Donkey-hide gelatin has been a valuable and prominent part of traditional Chinese medicine. This ancient remedy is called “ejiao.” Historical Chinese medicinal texts prescribed donkey-hide gelatin for a variety of conditions such as bleeding, dizziness, insomnia, dry cough and for yin deficiency.
Although ejiao is one of the oldest and supposedly most potent forms of traditional Chinese medicine, very few people outside China know about the ejiao cure-all. In fact, some Westerners may be skeptical of the way it’s made: soaking and stewing a donkey’s hide until it becomes gelatin, and then using it in a number of ways.
For years, ejiao was only within reach of China’s most elite; Tang dynasty (618 – 907) concubines were known to eat it regularly, and Qing dynasty (1616 – 1911) emperors gave it as gifts.
In Dong’e county of Shandong province, where the best ejiao first originated, there are now 100 factories which produce ejiao-based products, and the largest, Shandong Dong-e E-Jiao, employs 10,000 people, around 5% of the entire county’s population. It is also a publicly-listed company on the Shenzhen Stock Exchange.
Of course, animal lovers are up in arms. “World’s donkeys being decimated by demand for Chinese medicine,” screamed a headline in The Guardian.

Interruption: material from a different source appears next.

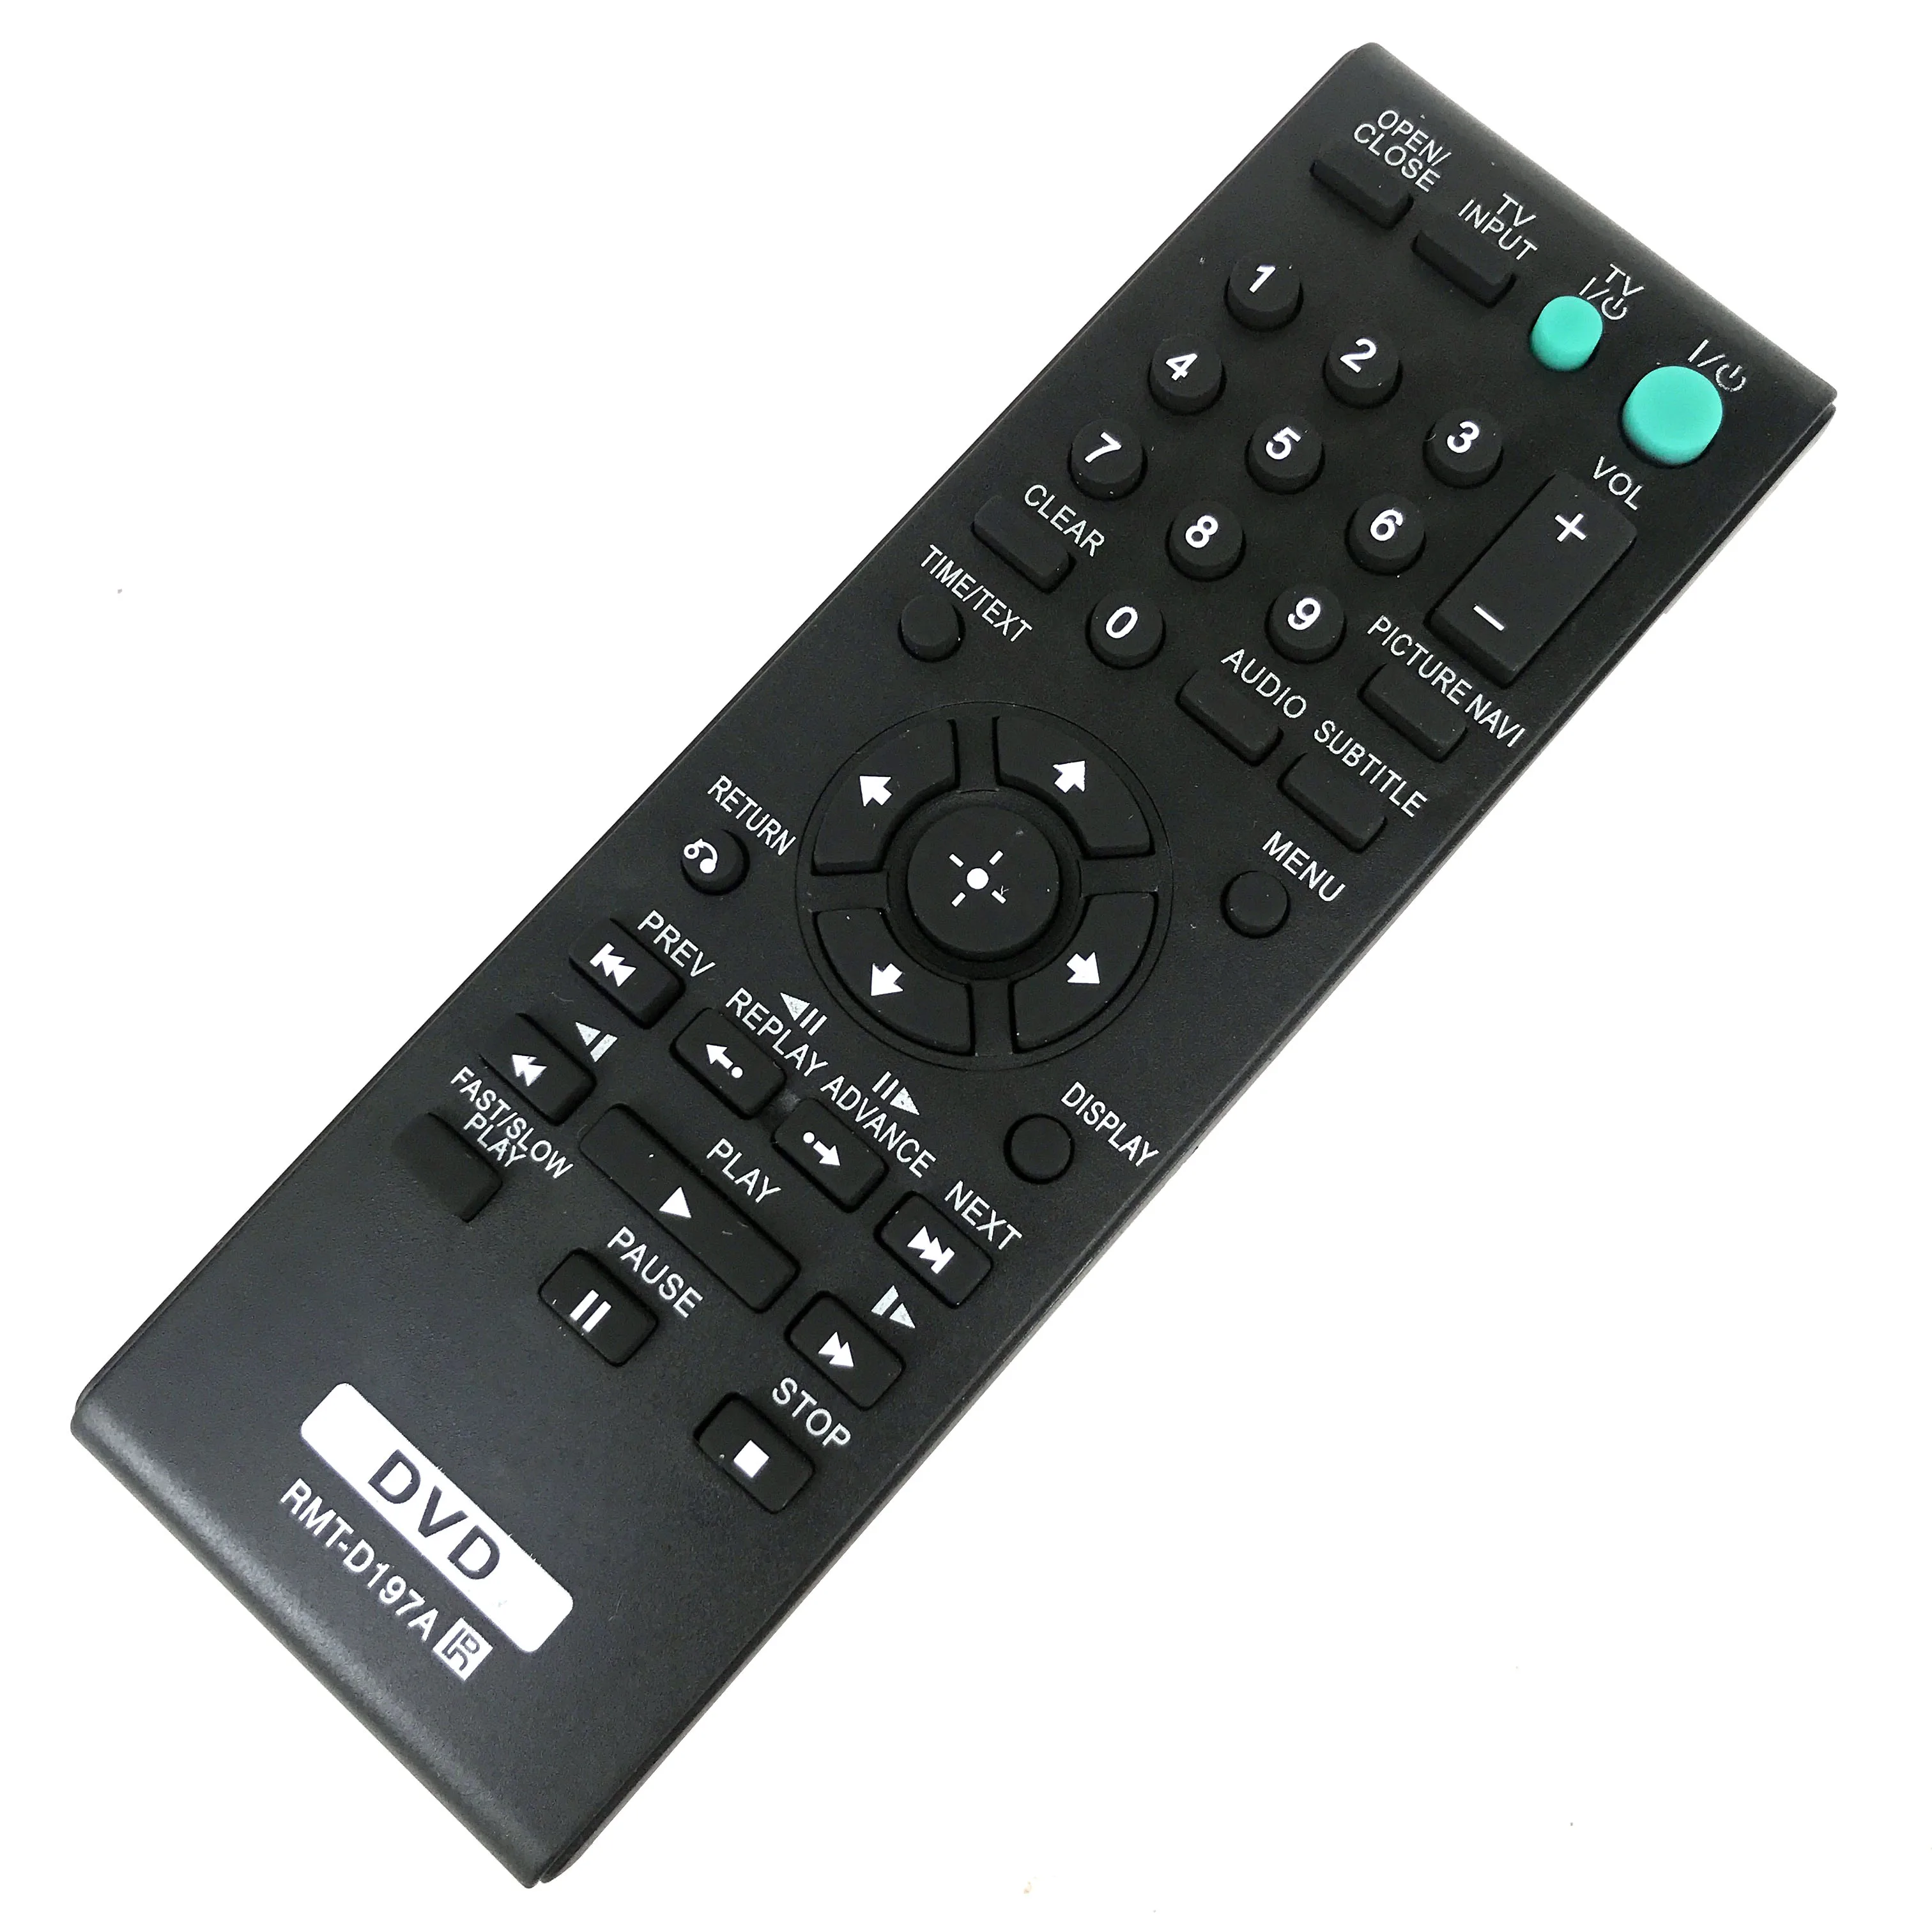 Peave Distributie Systematisch New Remote Control Rmt-d197a For Sony Fit For Dvd Player Dvp-sr320  Dvp-sr210p Dvp-sr110 Dvp-sr115 Dvp -sr120 Sr310p Dvp-sr405p - Remote  Control - AliExpress

Other reports claimed that tens of thousands of donkeys go from Egypt to China, that donkeys are being stolen and brutally slaughtered for their hides, etc. PETA even released “eyewitness footage” showing baby donkeys being bludgeoned to death with sledgehammers or killed by having their throats cut. Er, how do you steal a donkey?
A study by a British charity dedicated to protecting donkeys says soaring demand in China for ejiao has left the global population of the animal “in crisis.”
In April 2011, the founder of the same charity named an orphaned donkey foal after Prince William in honor of the Prince’s then upcoming wedding to Catherine Middleton. The founder said at the time, “It’s a real honor to have Prince William with us and I can’t think of a better name for him, thus to mark the occasion of the royal wedding.”
You get my point.
Yup, donkeys here, donkeys there, donkeys everywhere.